ABC's Brian Hartman Reports:
Last year was the biggest ever for shutting down efforts to scam federal health care programs. Prosecutors recovered a record-setting $4 billion from hundreds of crooks, big and small.
“The subjects of our investigations include traditional fraudsters, health care providers, corporate executives, hospital systems and administrators and members of organized crime,” said FBI Assistant Director Kevin Perkins at a news conference in Washington Monday.
Federal officials also announced new rules to make it harder for would-be criminals to defraud the government in the future.
“The days when you could just hang out a shingle and start billing the government are over,” said HHS Secretary Kathleen Sebelius.
Among the new rules, which are part of the health care law the House voted last week to repeal, is one that allows Medicare to stop all payments to a provider the moment a credible complaint about fraud has been received. This may terrify executives at some big corporations that sell billions of dollars worth of drugs, devices and services to the federal government. Major companies like Novartis, AstraZeneca and Allergan, for example, were the subjects of successful fraud investigations last year.
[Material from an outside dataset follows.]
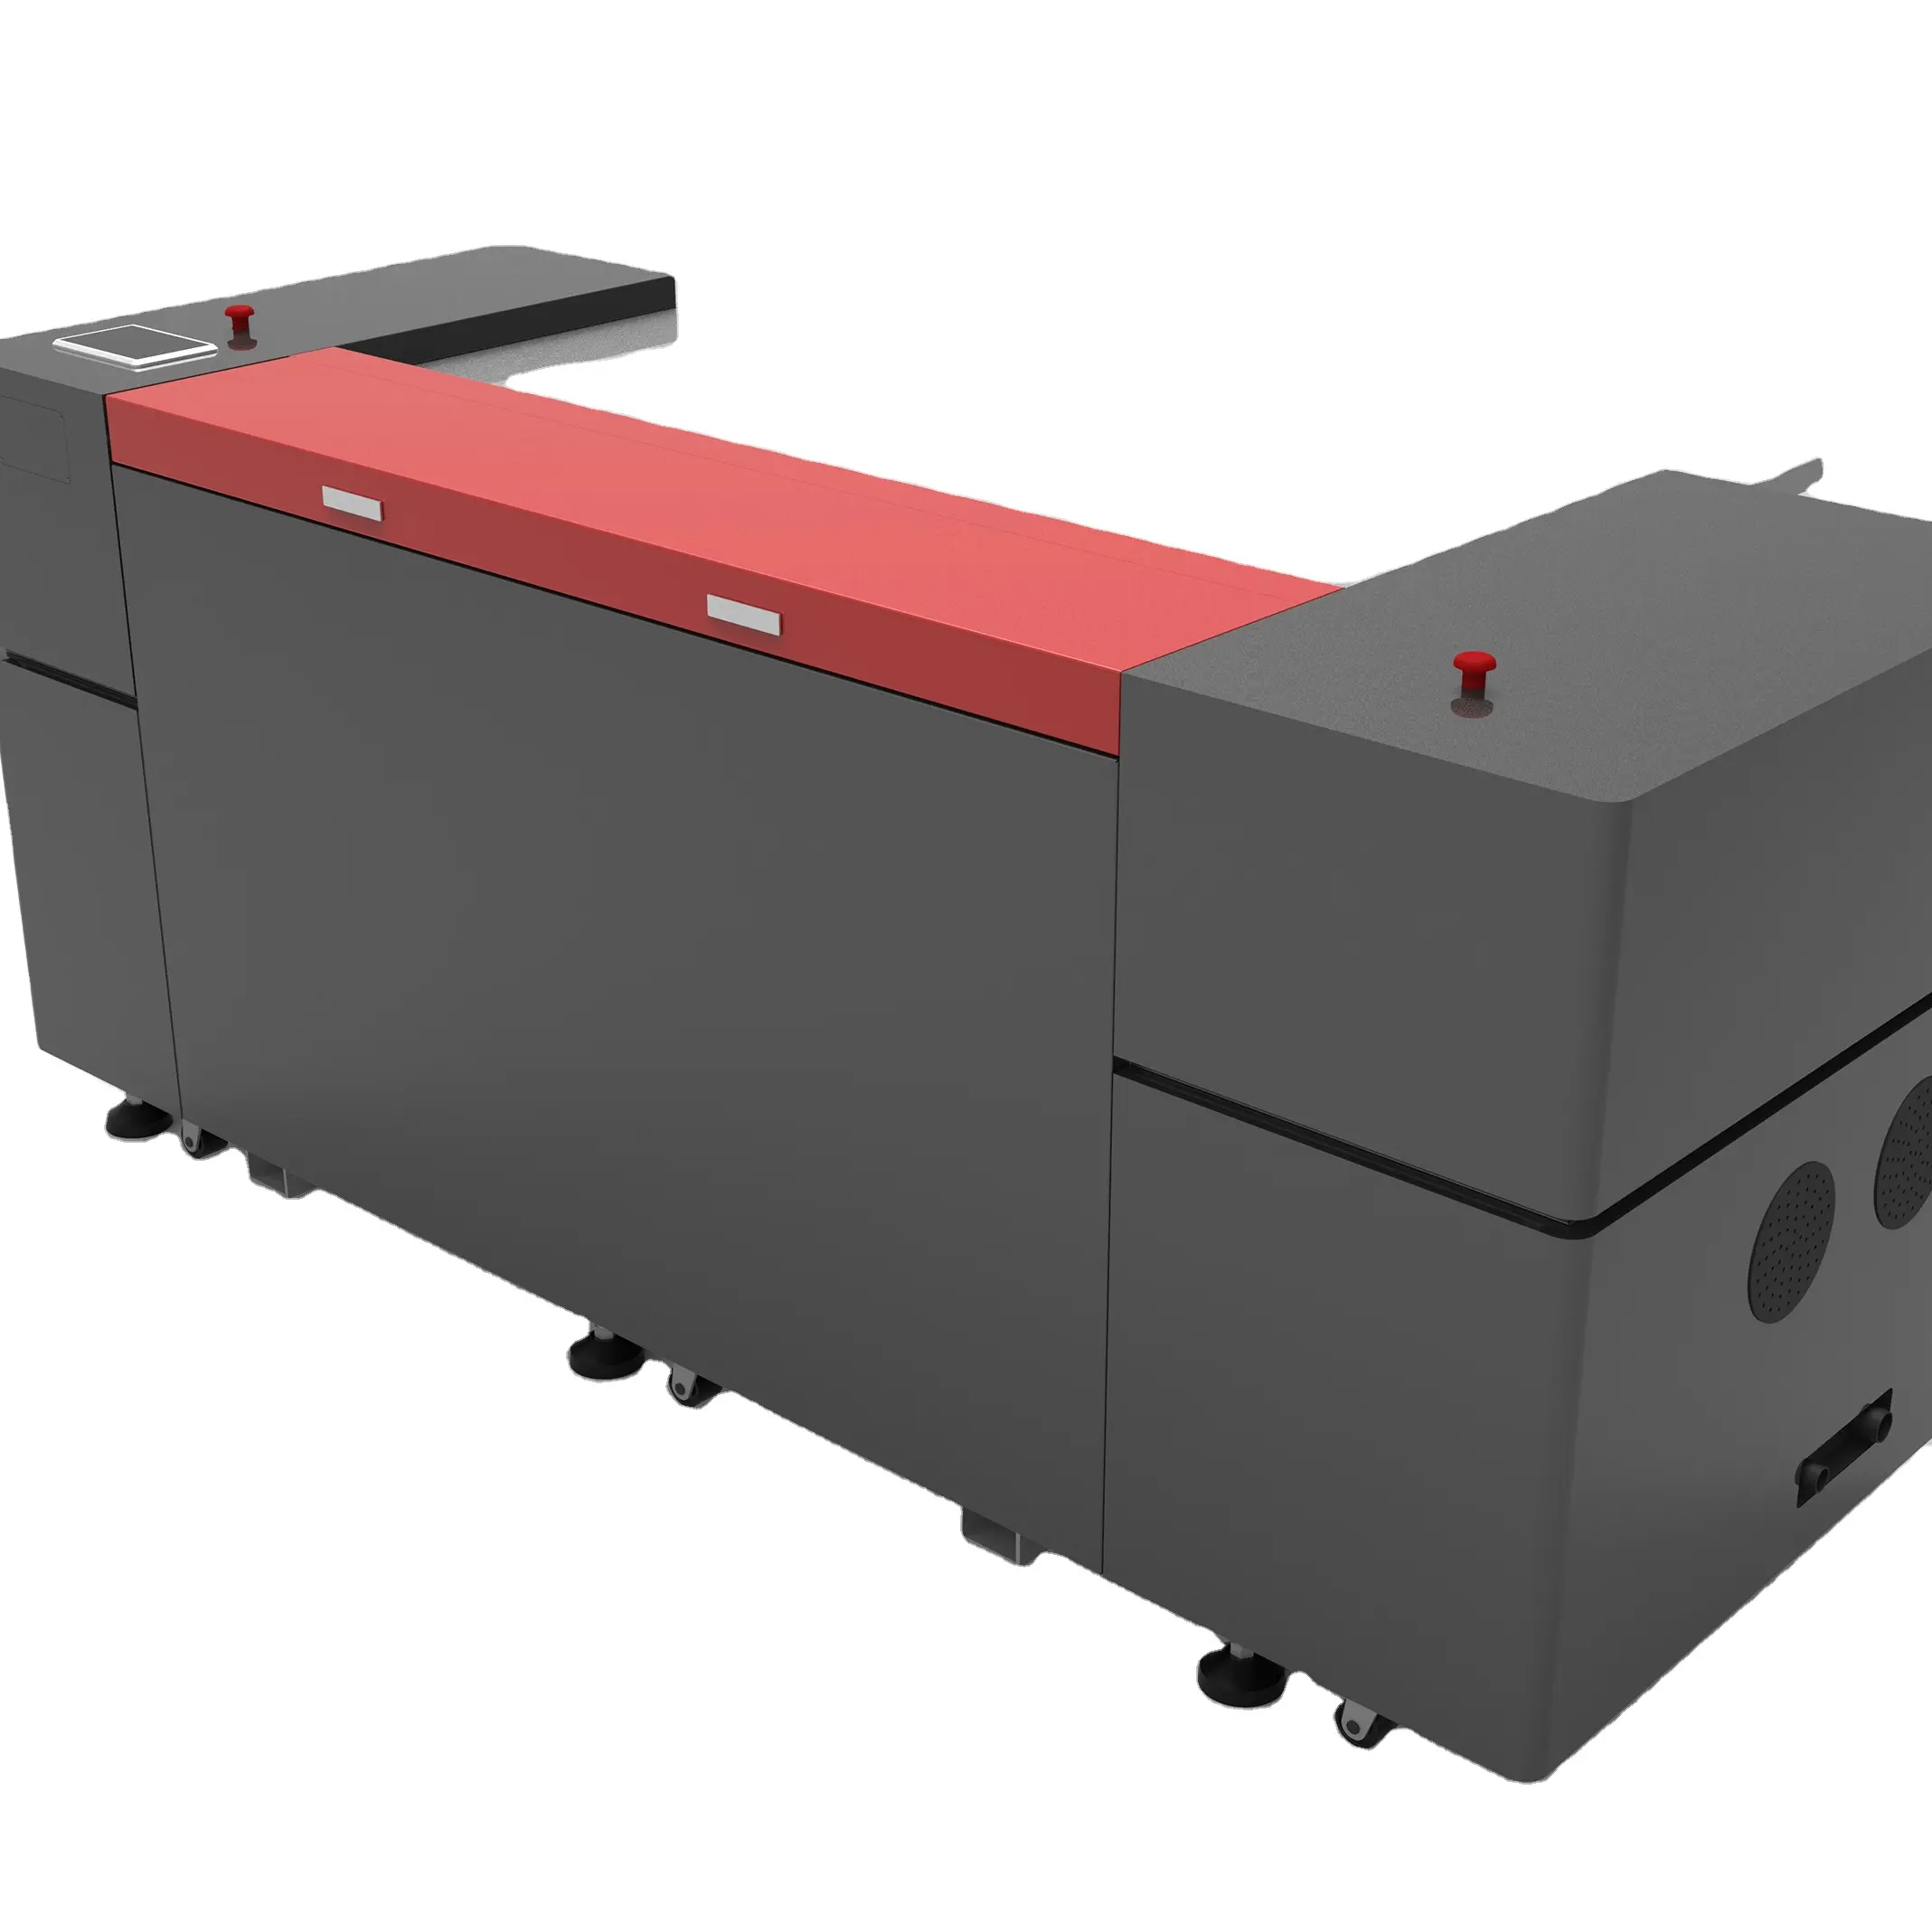 ماكينة صنع ألواح طباعة فلكسو أوتوماتيكية للأكياس السوداء من Mcfarlane لعب 2000 قطعة طباعة سوداء منتج رائج لعام 2019 معتمد بشهادة CE 220 فولت

Appearing on stage at HHS headquarters for the announcement also was Dennis Jay, Executive Director of the Coalition Against Insurance Fraud. Jay has been a frequent critic of federal incompetence when it comes to Medicare fraud.
“I think it’s a new day coming in,” Jay said. “The numbers that have been announced today are very impressive. But they’re only a start.”
By the numbers:
- More than 2,000 criminal and civil investigations
- More than 930 defendants
- More than 700 criminal convictions
- More than 400 FBI agents on 2,600 investigations
- Shut down 60 criminal enterprises engaged in widespread health care fraud
A few of the scams:
- Doctor stole identities of patients. In one case, the doctor billed Medicare for 24 “chiropractic manipulation services.” The two supposed patients? Premature twin newborns, who were in a neonatal ICU at the time.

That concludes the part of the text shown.